By CHRIS LAIDLAW
We think we have the odd problem with crowd behaviour in this country?
Think again. By international standards our big-match crowds are a bunch of unimaginative goody-goodies.
Our rugby crowds, in particular, are paragons of politeness compared with those of most other codes in most other countries.
International soccer is, of course, the standard by which the behaviour of supporters is universally judged. Internationals and European Cup matches have become regular, and spectacular, exhibitions of hand-to-hand combat among warring armies of so-called supporters.
There are numerous contenders for the top prize. The much-feared Tartan Army of Scotland, tanked up with single malt, tramp the boulevards of Europe.
Whenever England are playing abroad, a great expeditionary force of yobbos can be expected to comprehensively disturb the peace at every venue.
The events in Turkey recently were evidence enough that it isn't getting any better. Marauding English invaders fought it out in the streets of Istanbul with Turkish zealots in a commendable effort to recapture the spirit of Gallipoli.
Soccer has become a complete hostage to this kind of conflict.
A couple of years ago, the whole world watched events unfolding in France, not so much enthralled by the soccer as aghast at the antics of those it brought out of the woodwork.
Every other night we were treated to the unedifying spectacle of battalions of drunks, lunatics and skinheads using the World Cup as a vehicle for all-out war on whoever got in the way.
The same pattern emerged in Turkey. One English enthusiast, having just comprehensively trashed a cafe in Istanbul, was asked if he knew if his team had won or lost. He didn't know and he didn't much care. He just moved on to redecorate the next cafe.
He, like lots of others, had settled into his chosen role and when it was all over he doubtless returned in triumph to a respectable but no doubt mind-numbingly boring job back in Blighty.
This was his idea of recreation. A little Englander abroad sticking it to the continentals.

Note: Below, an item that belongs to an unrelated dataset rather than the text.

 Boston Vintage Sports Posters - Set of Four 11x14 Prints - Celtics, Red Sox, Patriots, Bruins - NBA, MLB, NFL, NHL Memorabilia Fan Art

Much more sinister are the German neo-Nazis whose first love is definitely not football, but who have realised that football provides them with a global podium from which they can serve notice to anybody unfortunate enough to be nearby that they want to stop the world.

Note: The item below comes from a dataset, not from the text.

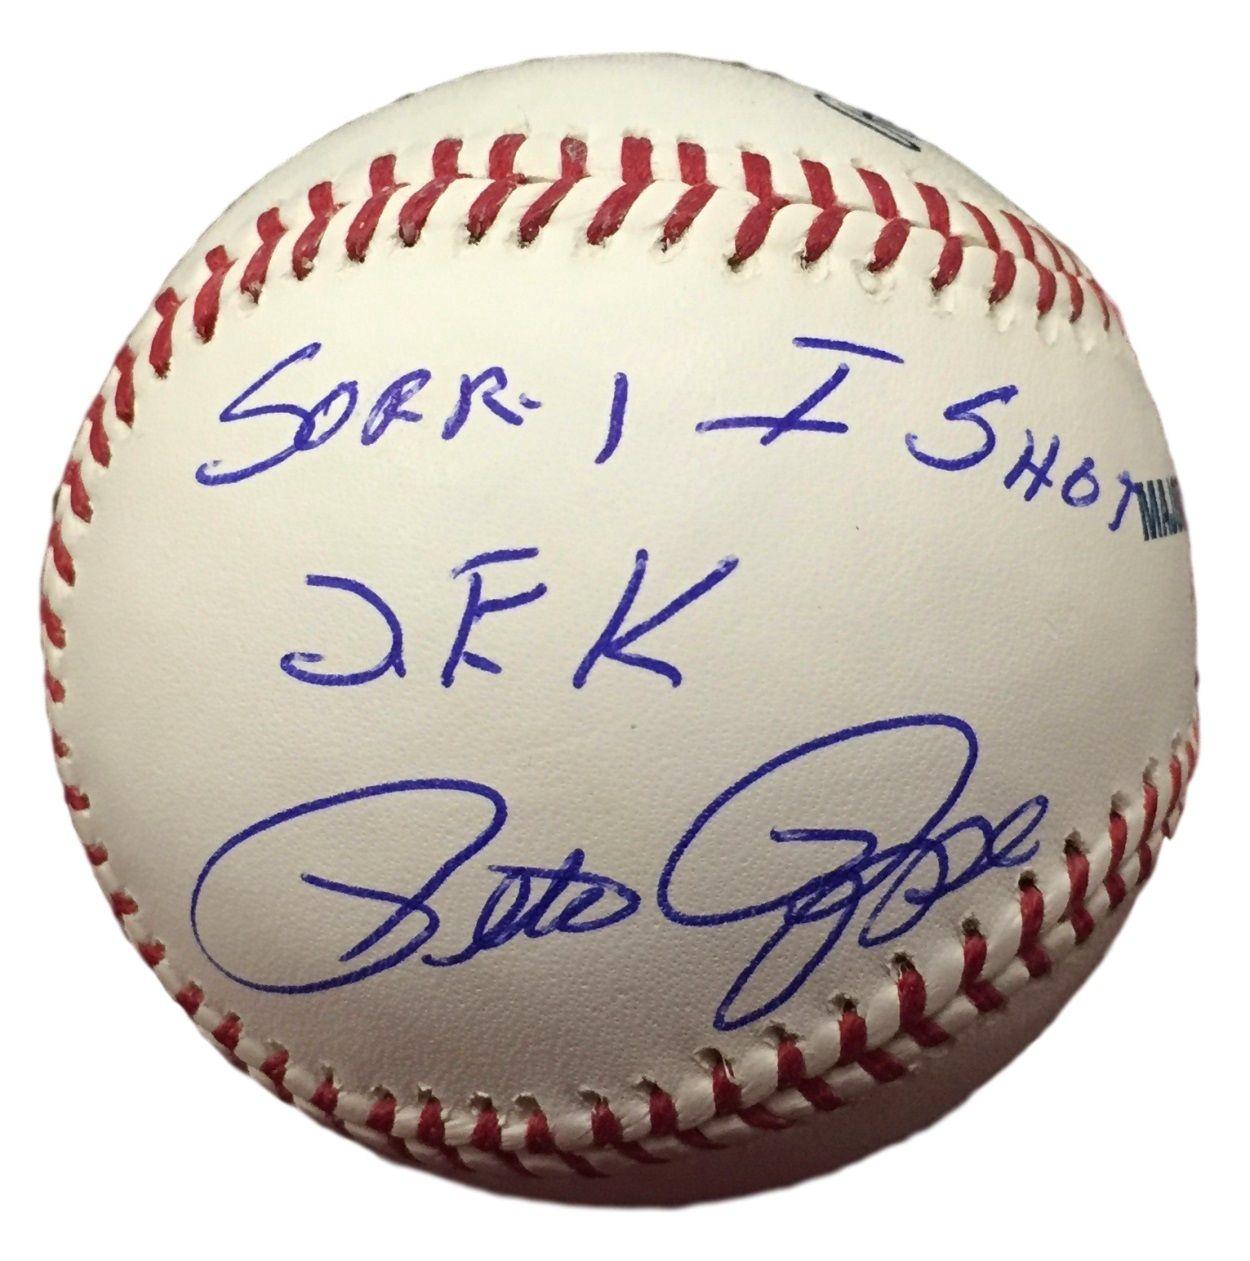 Pete Rose Phillies Signed Mlb Baseball Sorry I Shot J F K Jsa Itp Phillies Pete Rose Mlb Baseball

Some of the Dutch are not much better.
This is much more than small-minded recreational violence. It has little to do with good old flag-waving national fervour gone a bit over the top. It is nothing like so innocent. This is straight-out anarchy and it is something that makes the blood run cold.
If this kind of mayhem can follow soccer around for convenience, is there any reason it won't latch on to rugby if the game gets big enough and popular enough, particularly in Europe?
Happily, there are no signs that this is likely. For the time being the international rugby community basks in the warm glow of respectability.
Perhaps the fact that rugby is an essentially middle-class game watched mainly by rational, middle-classed people has something to do with that.
Whatever the reason, it's reassuring to know that a healthy sense of restraint still prevails here.
We're Kiwis after all. We keep things in proportion.